Task material:

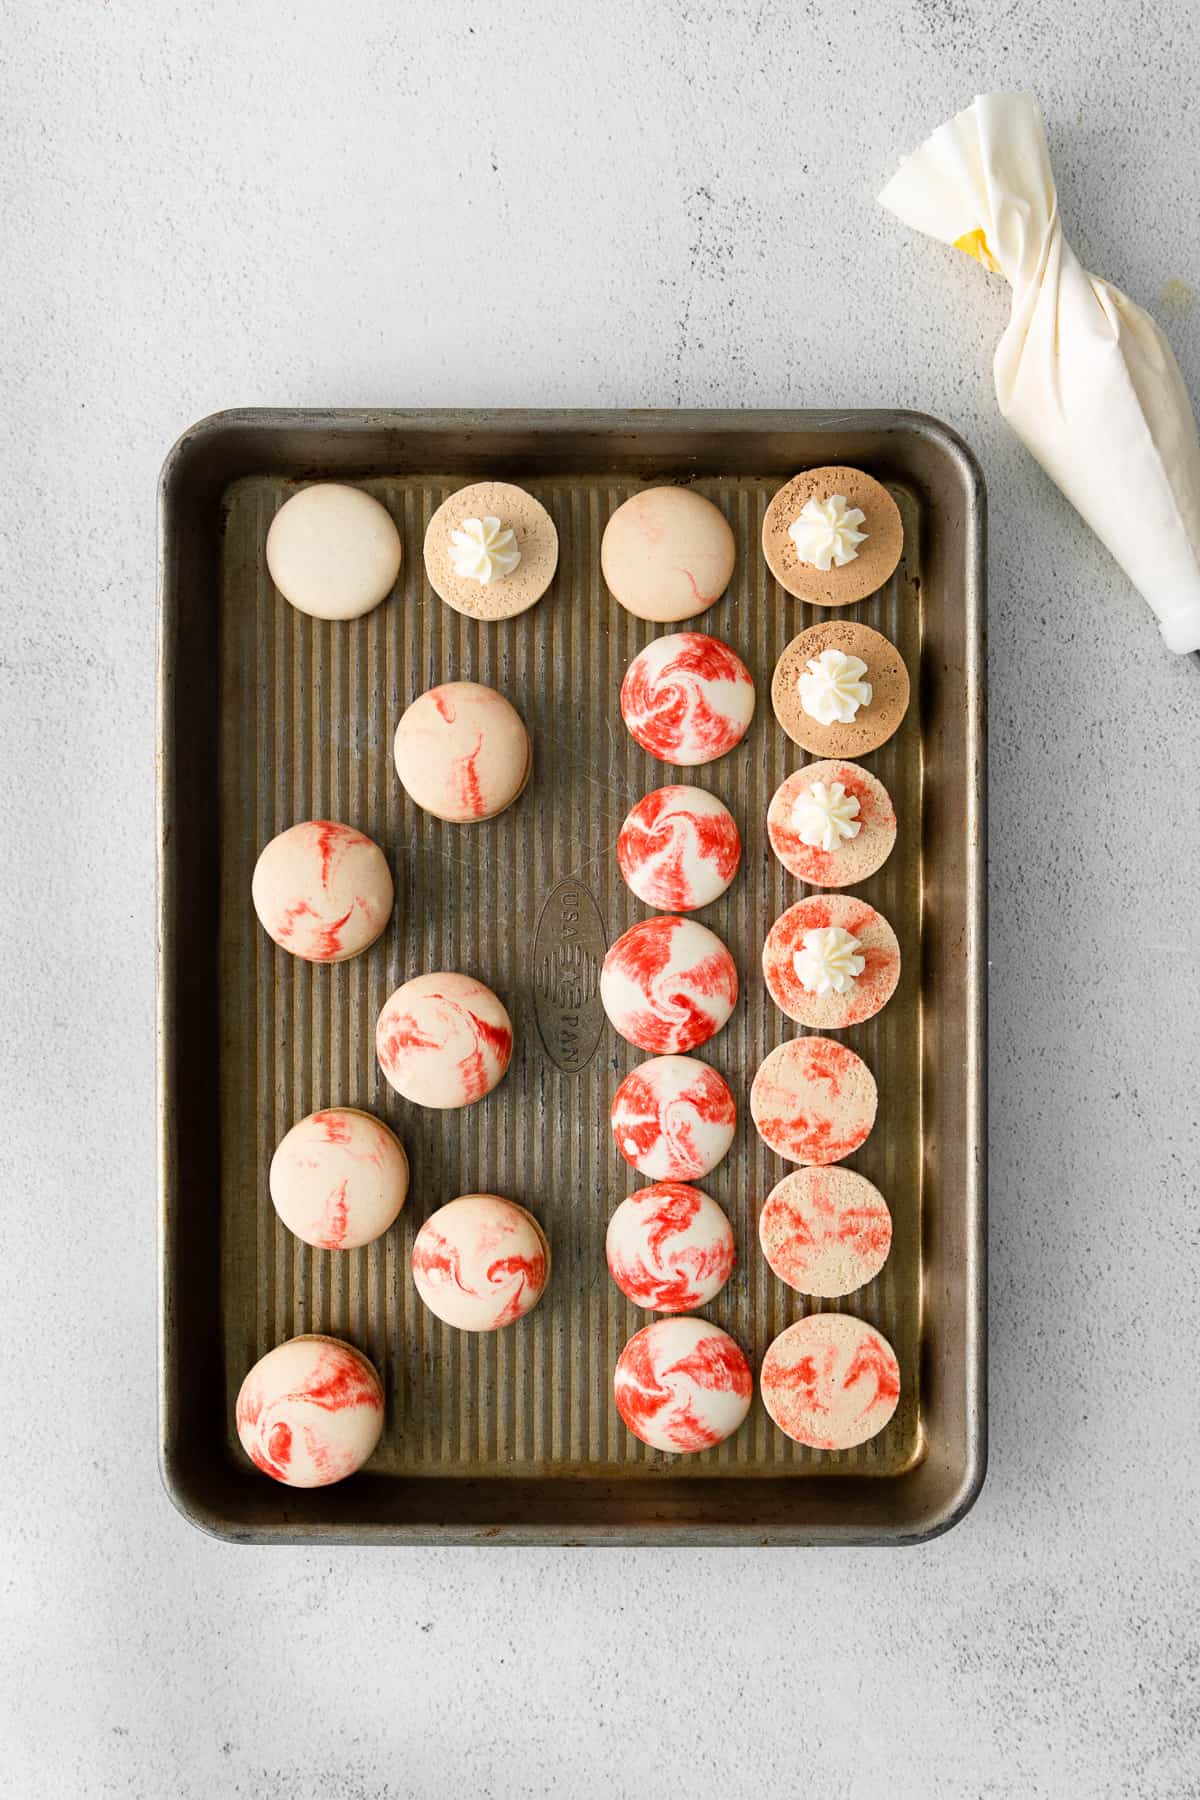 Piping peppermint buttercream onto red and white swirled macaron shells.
...
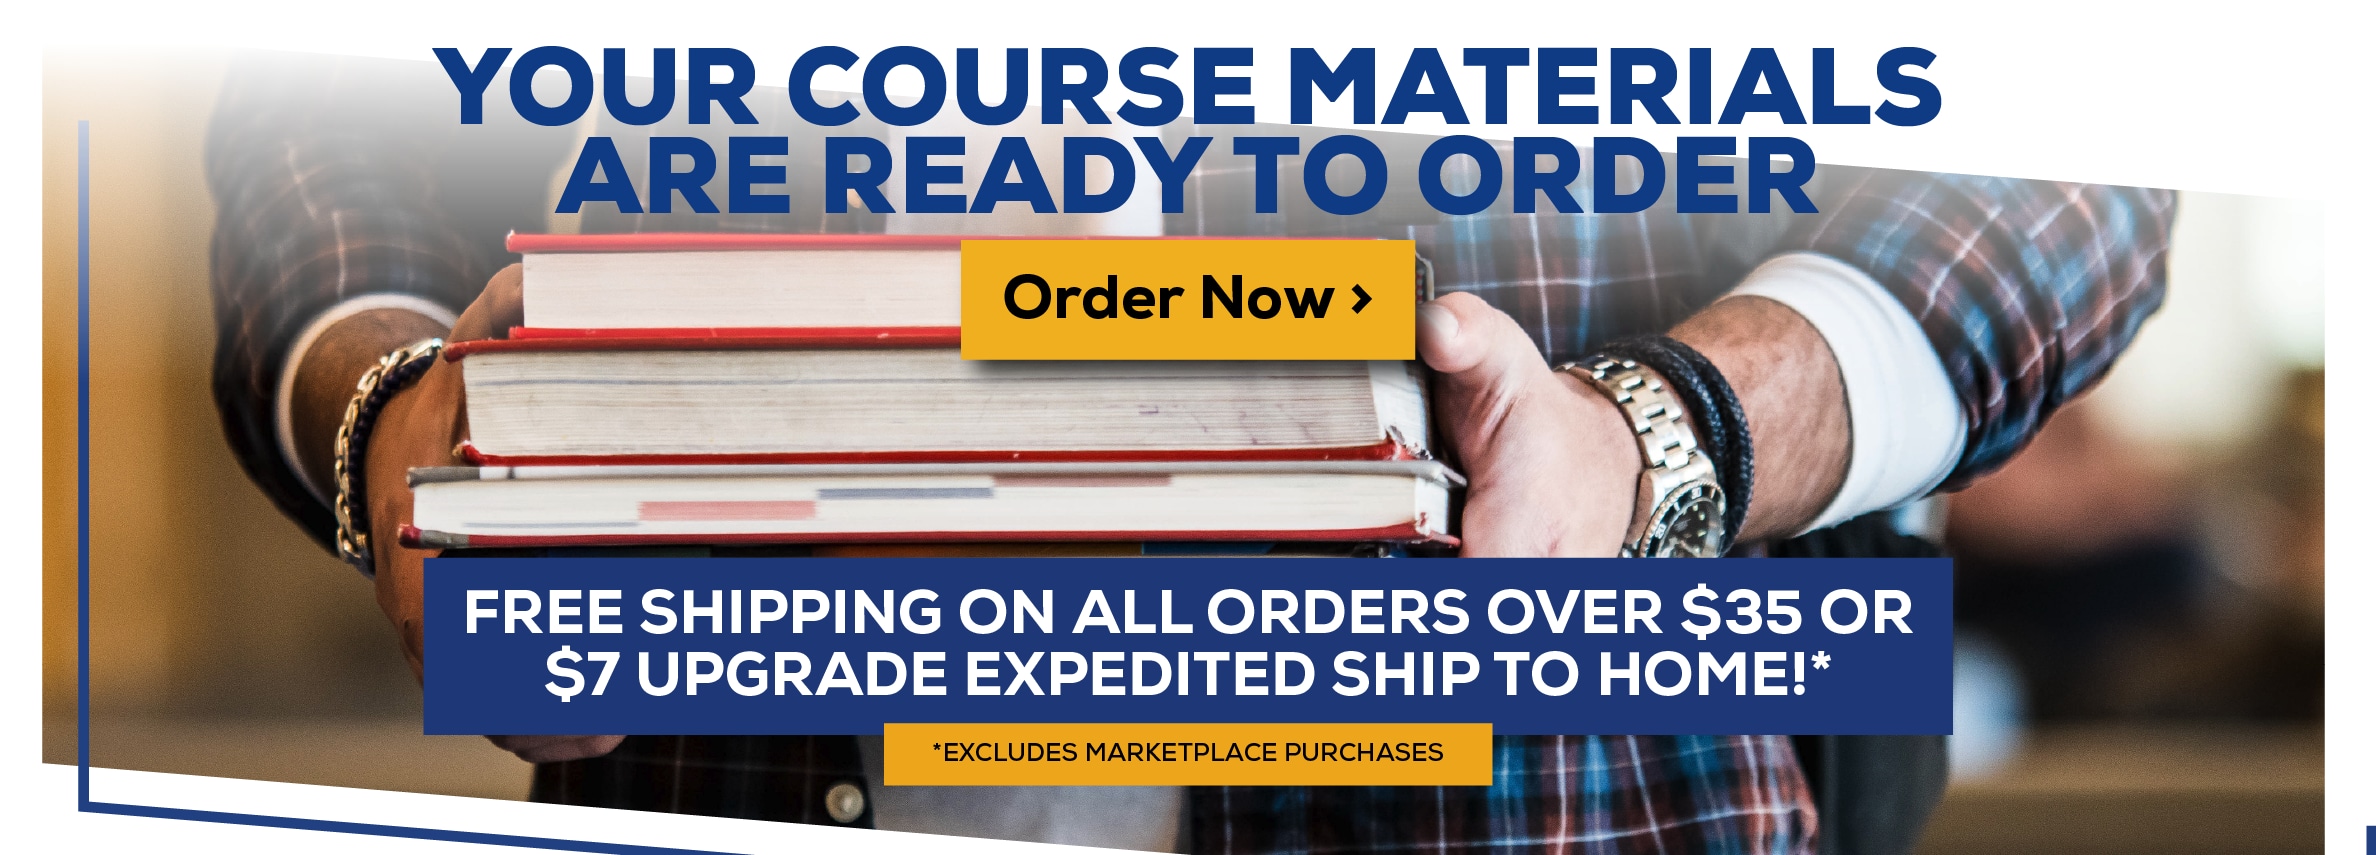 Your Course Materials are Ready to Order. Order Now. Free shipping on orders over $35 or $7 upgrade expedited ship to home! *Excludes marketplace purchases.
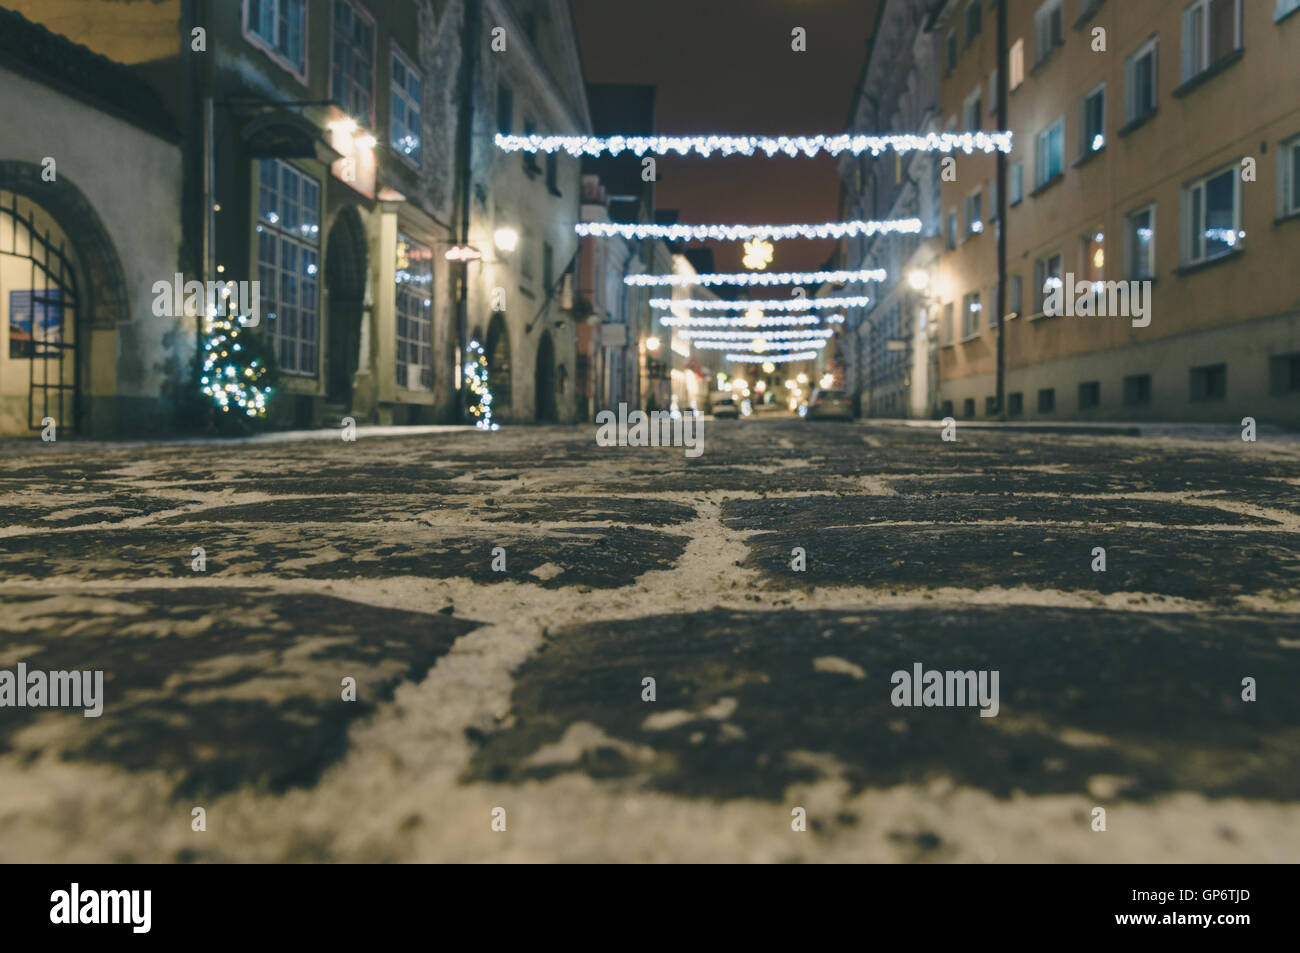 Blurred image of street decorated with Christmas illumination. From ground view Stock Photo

Problem to work on:
Starting with the line that contains "Your Course Materials" and finishing with the line that contains "Blurred image of", reproduce every line of the material above exactly, but not the pictures.

Your response:
 Your Course Materials are Ready to Order. Order Now. Free shipping on orders over $35 or $7 upgrade expedited ship to home! *Excludes marketplace purchases.
 Blurred image of street decorated with Christmas illumination. From ground view Stock Photo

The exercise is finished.